Few companies are truly prepared for crisis scenarios. And when they do think about prevention, the focus often lies solely on maintaining operational processes. Communication with the public – which is just as crucial – is frequently overlooked.
Since the COVID-19 pandemic, awareness of potential crises has increased significantly. In certain industries and larger corporations, crises are even becoming part of daily operations. No surprise – the likelihood of being hit by a crisis has never been higher.
According to the latest Crisis Prevention Survey, the most common incidents are technology-related – including cyberattacks and fires. Next are human-related events such as accidents, deaths, or pandemics, followed by media-related crises like scandals or damaging revelations. Environmental, legal, and product-related crises are also becoming more frequent. In short: there are many ways for a crisis to strike.
Companies cannot possibly seal off all potential internal and external entry points for crises. Most crises strike unexpectedly. They often begin with a minor incident – then escalate gradually, in waves, or sometimes all at once.
There is a growing sense that the number of critical events in the world is increasing. This is partly due to the rise of digital and social media, where anyone can publish content from the privacy of their own home.
What’s more, communication on social media is largely unmoderated. As a result, public discourse is increasingly shaped by opinion rather than fact.

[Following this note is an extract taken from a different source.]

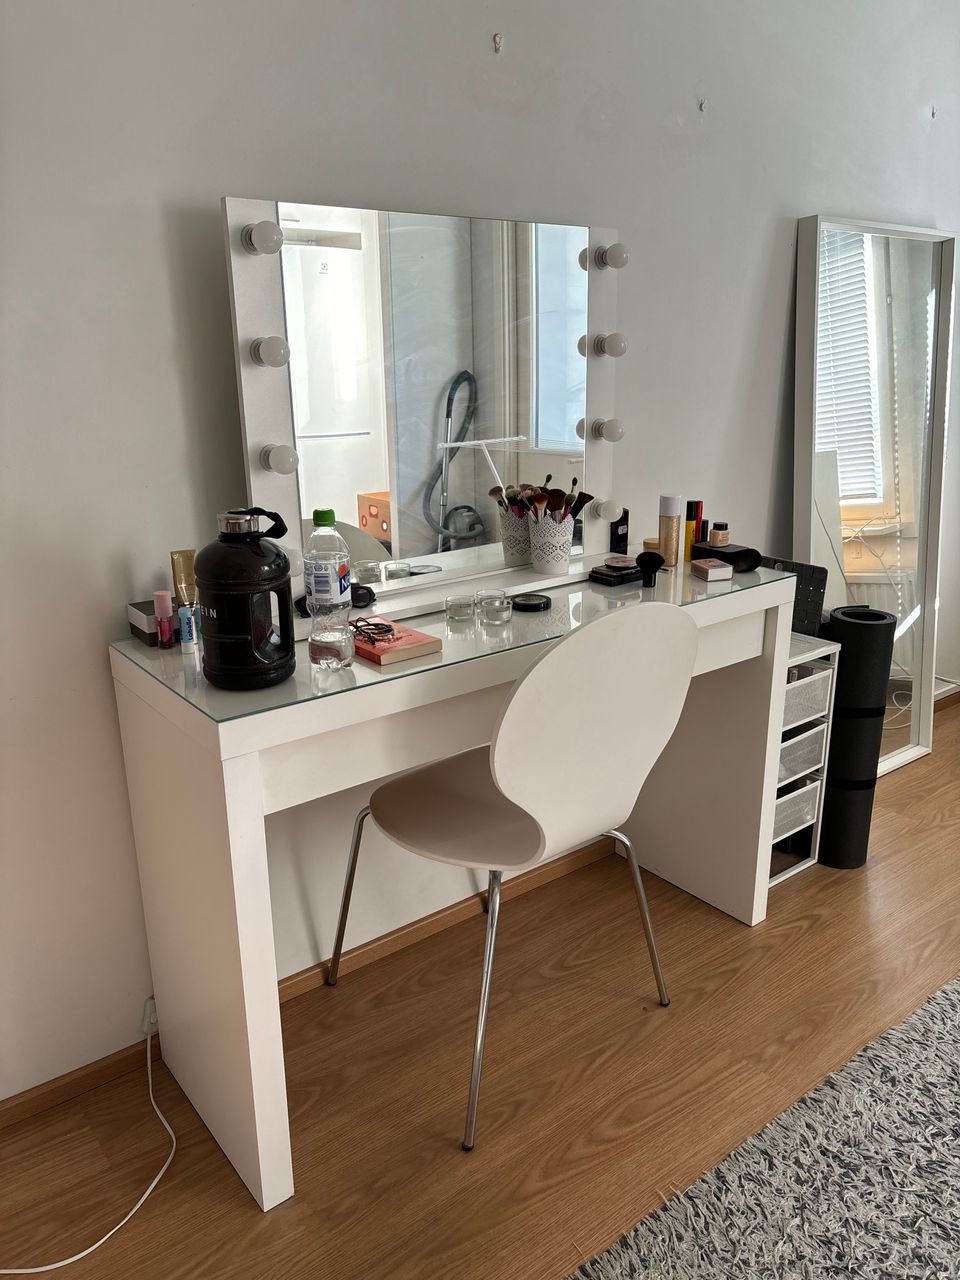 Ikean kampauspöytä ja peili

That’s why communication teams today must be more vigilant than ever. Their role is to identify sensitive issues in the media at an early stage, assess public sentiment around them, and evaluate the risk of escalation.
This level of insight is only possible through professional media and social media monitoring.
The crisis has arrived. Ideally, the company saw it coming and has a crisis handbook ready to go. This guide should include clear procedures, defined roles and responsibilities, checklists, prepared statements and more. It is an essential tool for responding quickly and confidently. In a crisis, time is critical — it often becomes a race against the clock. The strategic direction is typically set in the early stages.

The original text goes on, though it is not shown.